With breaking news of cyber-attacks and hacks becoming an increasingly-present piece of our digital lives, and data breaches seemingly around every corner, it’s become important to have a working knowledge of these two potentially devastating terms forever dominating our news feeds.
Are they similar? Yes. And you’ll often see them side-by-side and used indiscriminately in the media. But are they the same? Not at all. The following is a brief breakdown and a quick look at what separates a hack from a breach, and why it’s important to be aware, and ready for, both of them at any given time.
A Hack
A hack is a deliberate, intentional attack, perpetrated by a single hacker or by an organized group to steal private data and information, or hold a system hostage for some form of ransom.
The way in which hackers attack a system can vary: To gain unlawful access to protected systems, like your computer or server, some hackers will use complex hacking techniques that require immeasurable skill to access systems and disable any set security or defense mechanisms. Others rely on premade software programs that will do the hacking for them - The latter are sometimes known as “script kiddies.”
But it’s not a one-sided practice: There are hackers on both sides ends of the spectrum, and any security firm worth its salt has hackers under its employ, called white hat hackers, to test a company’s systems for potential vulnerabilities, and ultimately find weak spots before a malicious hacker (called, unsurprisingly, a black hat hacker) does. This helps plug potential holes and strengthen security in general.
Recent, high-profile hacks you may have heard about
In the summer of 2017, the Minnesota State Government website was hacked as a form of protest against recent acts of police brutality. A hacker by the name of Vigilance allegedly stole a list of 1,400 email addresses and affiliated passwords that give access to internal databases from the server admin.state.mn.us, which connects to other databases of the sites mn.state.us and mn.gov.
Leaving the information of Minnesota senators, reps, and their staff, completely unprotected.
Only a few months later, the Explore Minnesota tourism site was hacked as well – though, in this instance, no data was breached: The hackers simply flooded the site’s twitter feed with “fake news” articles ranging from the story of a death row inmate eating the Holy Bible page-by-page for his last meal, to the story of a woman training squirrels to attack her ex-boyfriend.
These hacks were, ultimately, fairly self-contained and didn’t result in too much trouble for the institutions involved. But that’s not always the case, and some hacks are incredibly destructive, and do permanent damage to companies and their customers:
You might remember hearing about the Equifax hack, for example. How could you not? It dominated news sources and social media feeds for much after the attack was carried out in the summer of 2017. And, as a result, Equifax will never be the respected consumer credit reporting agency it once was – that’s not something you can really return from reputation-wise – and they’re still dealing with the legal fallout. More importantly, though, was that the personal and highly-sensitive information of over 143 million Americans was compromised and left completely vulnerable.
A Data Breach
A data breach, on the other hand, is the result of data left unintentionally vulnerable in an unsecured environment and ends up in the hands of someone who should never have seen it.

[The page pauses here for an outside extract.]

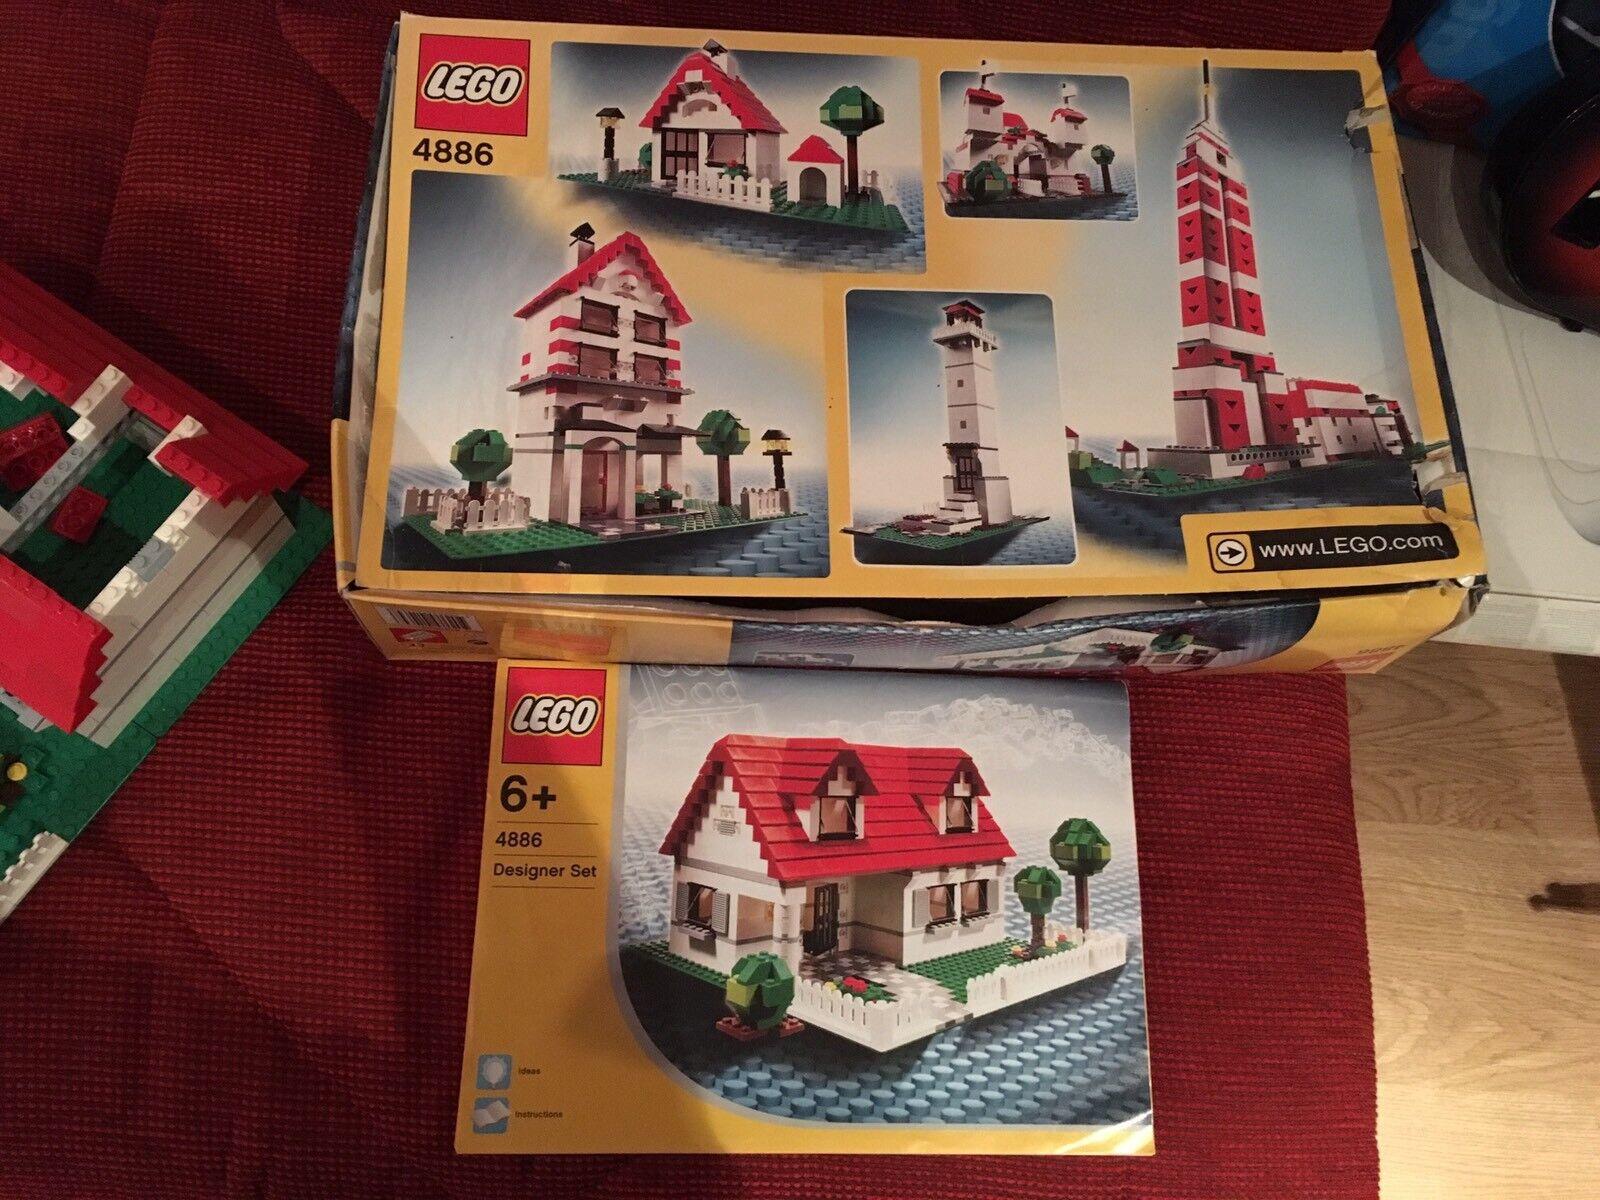 Lego 4886 Designer Set
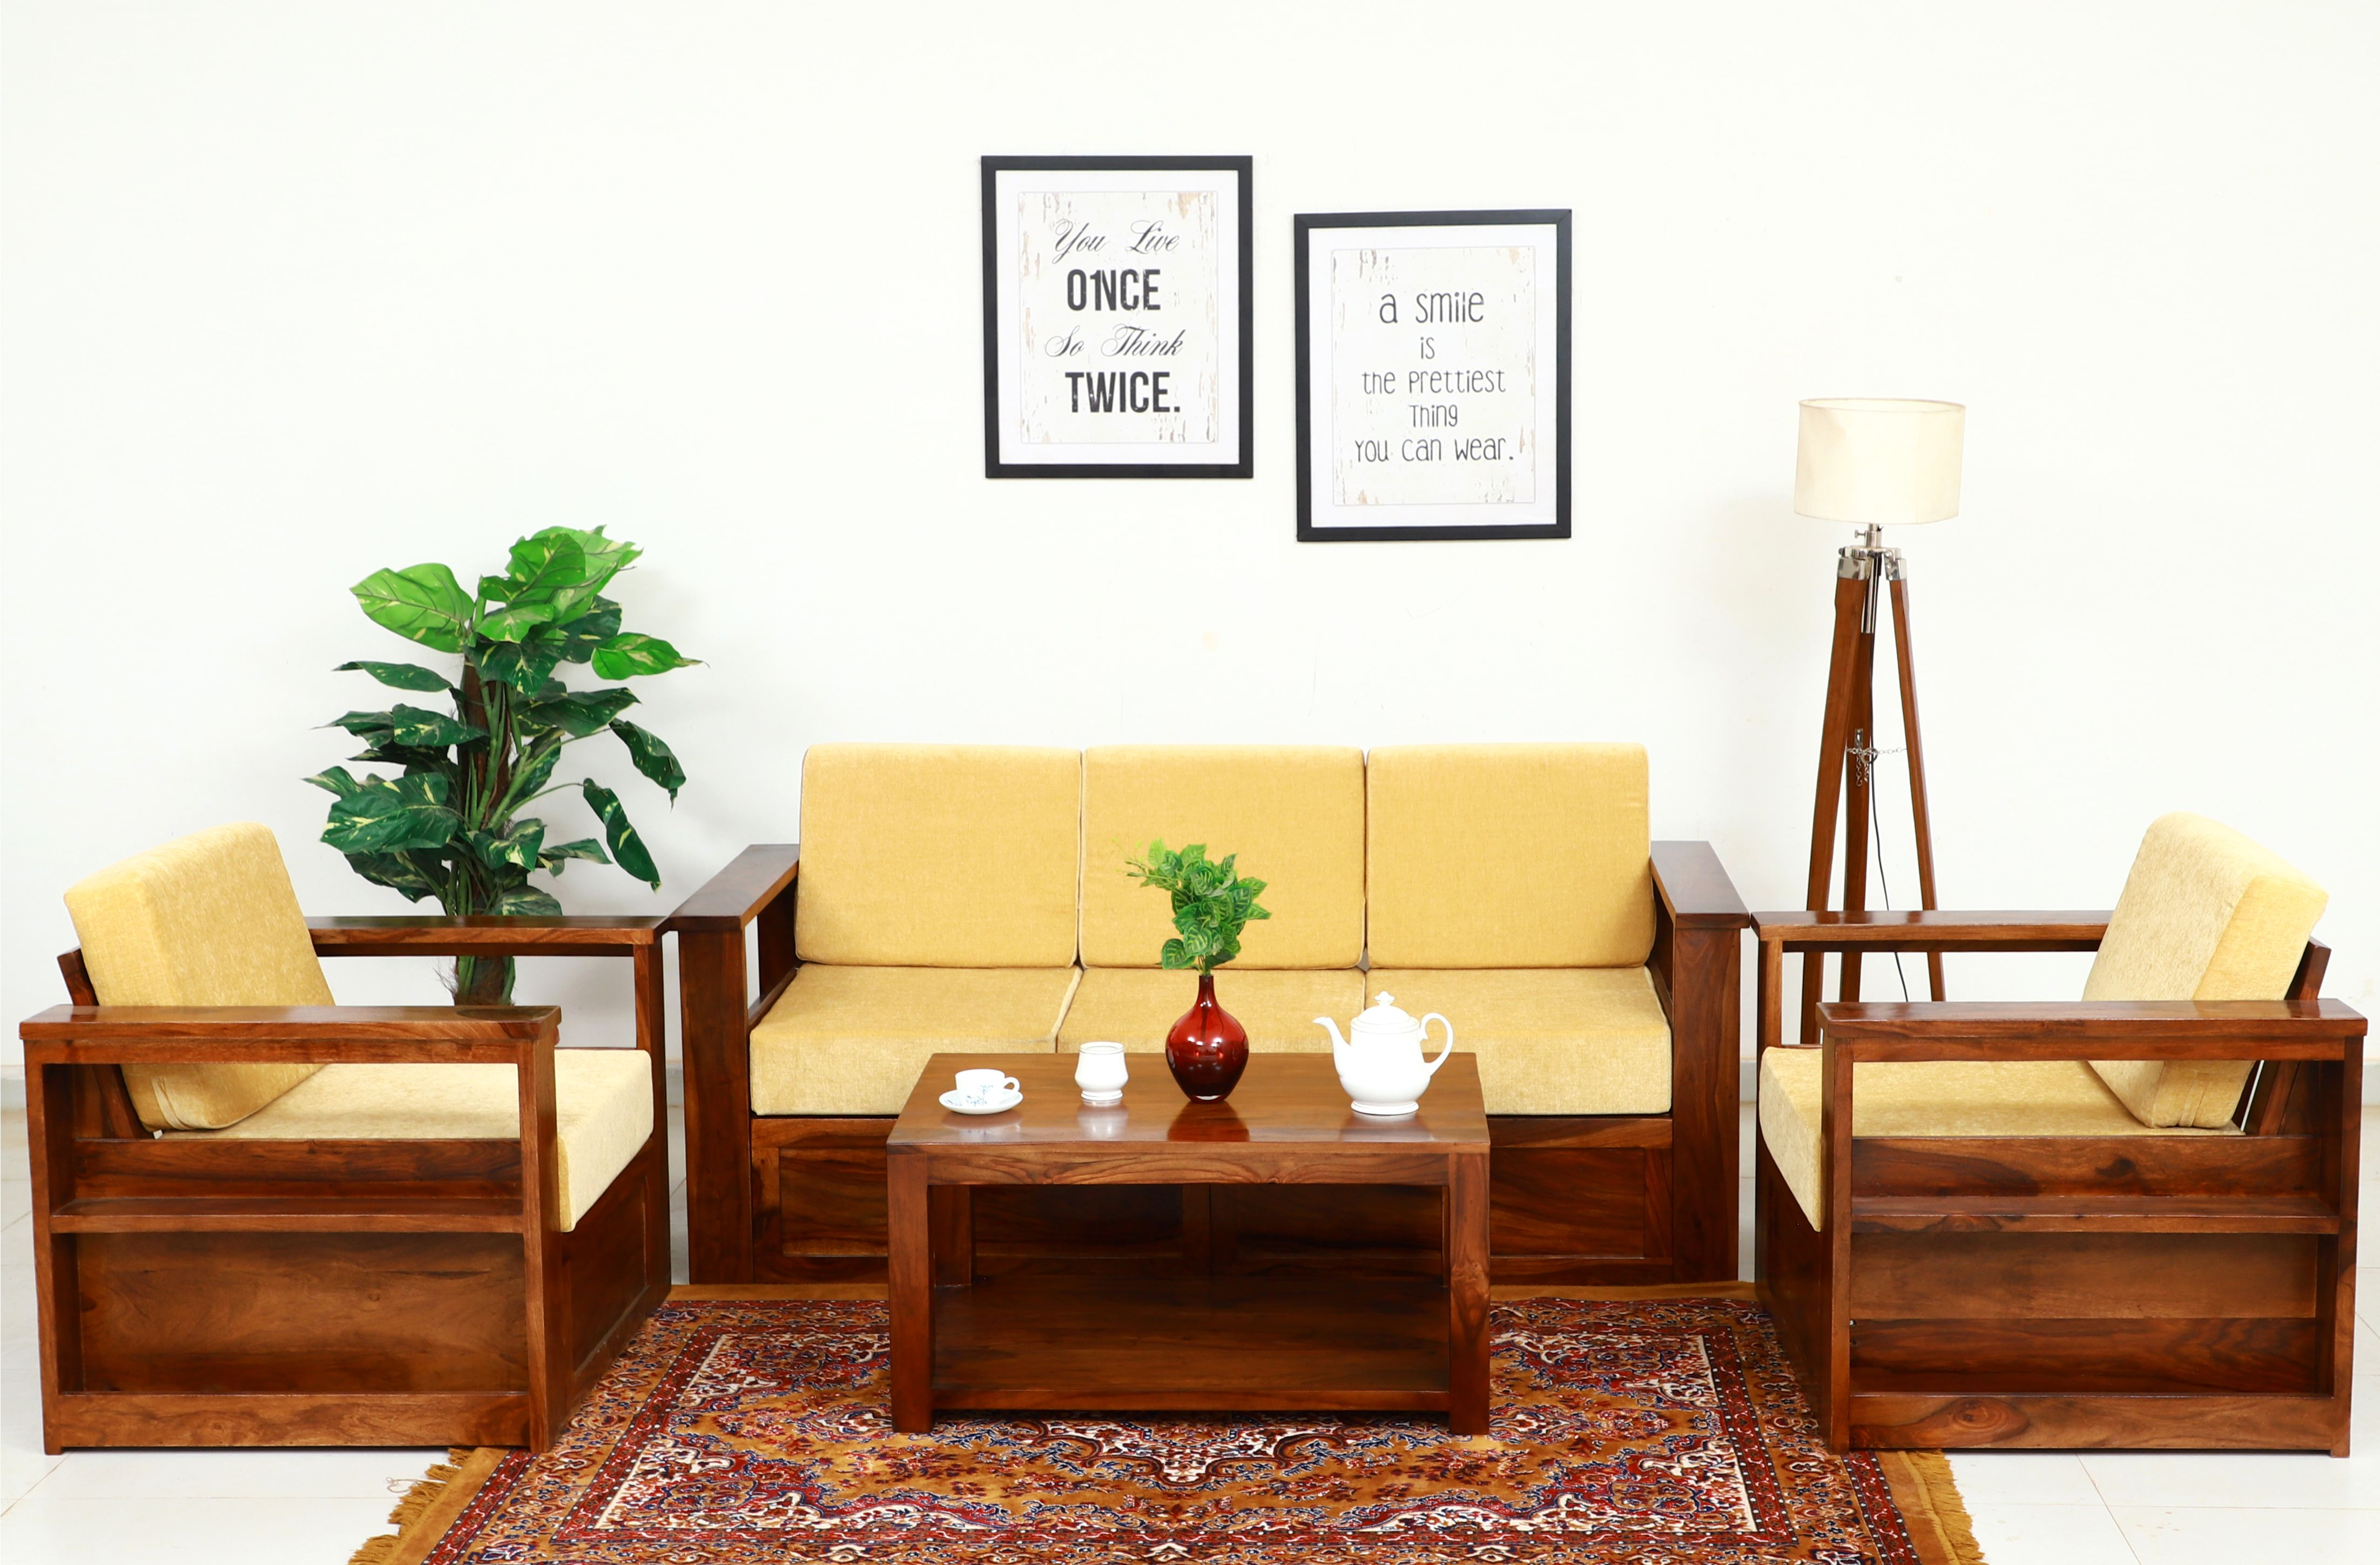 Wooden Sofa Set Buy Wooden Sofa Set Online At Best Prices Jodhpuri Furniture Get Upto 60 Off In 2020 Wooden Sofa Designs Latest Wooden Sofa Designs Furniture

No malicious intent need be involved: Breaches happen as a result of simple negligence, human error, or a lack of security. Though, they still leave a company vulnerable, and can potentially be as damaging as any hack.
Important to note: The word “breach” is often used as a broad term to cover a number of different cybersecurity compromises, including hacks. This is often where confusion incorrect terminology usage stems from.
Illustrating the Difference Between the Two
Ultimately, the differences between a hack and a breach are fairly simple. The results, however, can be less so.
In the case of the Explore Minnesota hack we discussed earlier, there was no data breach as a result of the hack: Hackers simply penetrated the system and put some (rather strange) content online. The hackers didn’t expose or steal any company or customer data, so, there was no actual data breach.
With Equifax, however, there was a data breach and the information of over 143 million Americans became available to those with malicious intent. This data, known as their personally identified information (PII), was inadvertently at risk due to negligence – the company failed to address a vulnerability in their software, which basically allowed the hackers to basically walk right through the front door.
A more specific, and timely, example of a data breach is the widely-covered Facebook and Cambridge Analytica data breach. Some 87 million users had their information exposed to Cambridge Analytica through their personal Facebook accounts earlier this year. Cambridge Analytica didn’t collect that information through a hack or an attack, however, and didn’t need to: They were instead able to collect the data through a gap in Facebook’s API.
Herein lies the key differences between the two: not all hacks lead to a data breach, and, conversely, data breaches often happen without a hack.
(But, to be clear, if a company/service/platform does get hacked it’s always a bad thing – it just might not be a bad thing that affects the customer or user or you. A hack doesn’t automatically mean that your personal information has been breached.)
The more these differences are understood, and how gaps and lags in cybersecurity might happen, the better your chances of handling such a situation should it ever occur, and the better the chanced of your company protecting the sensitive personal and financial data of customers, clients, employees, etc. in the first place.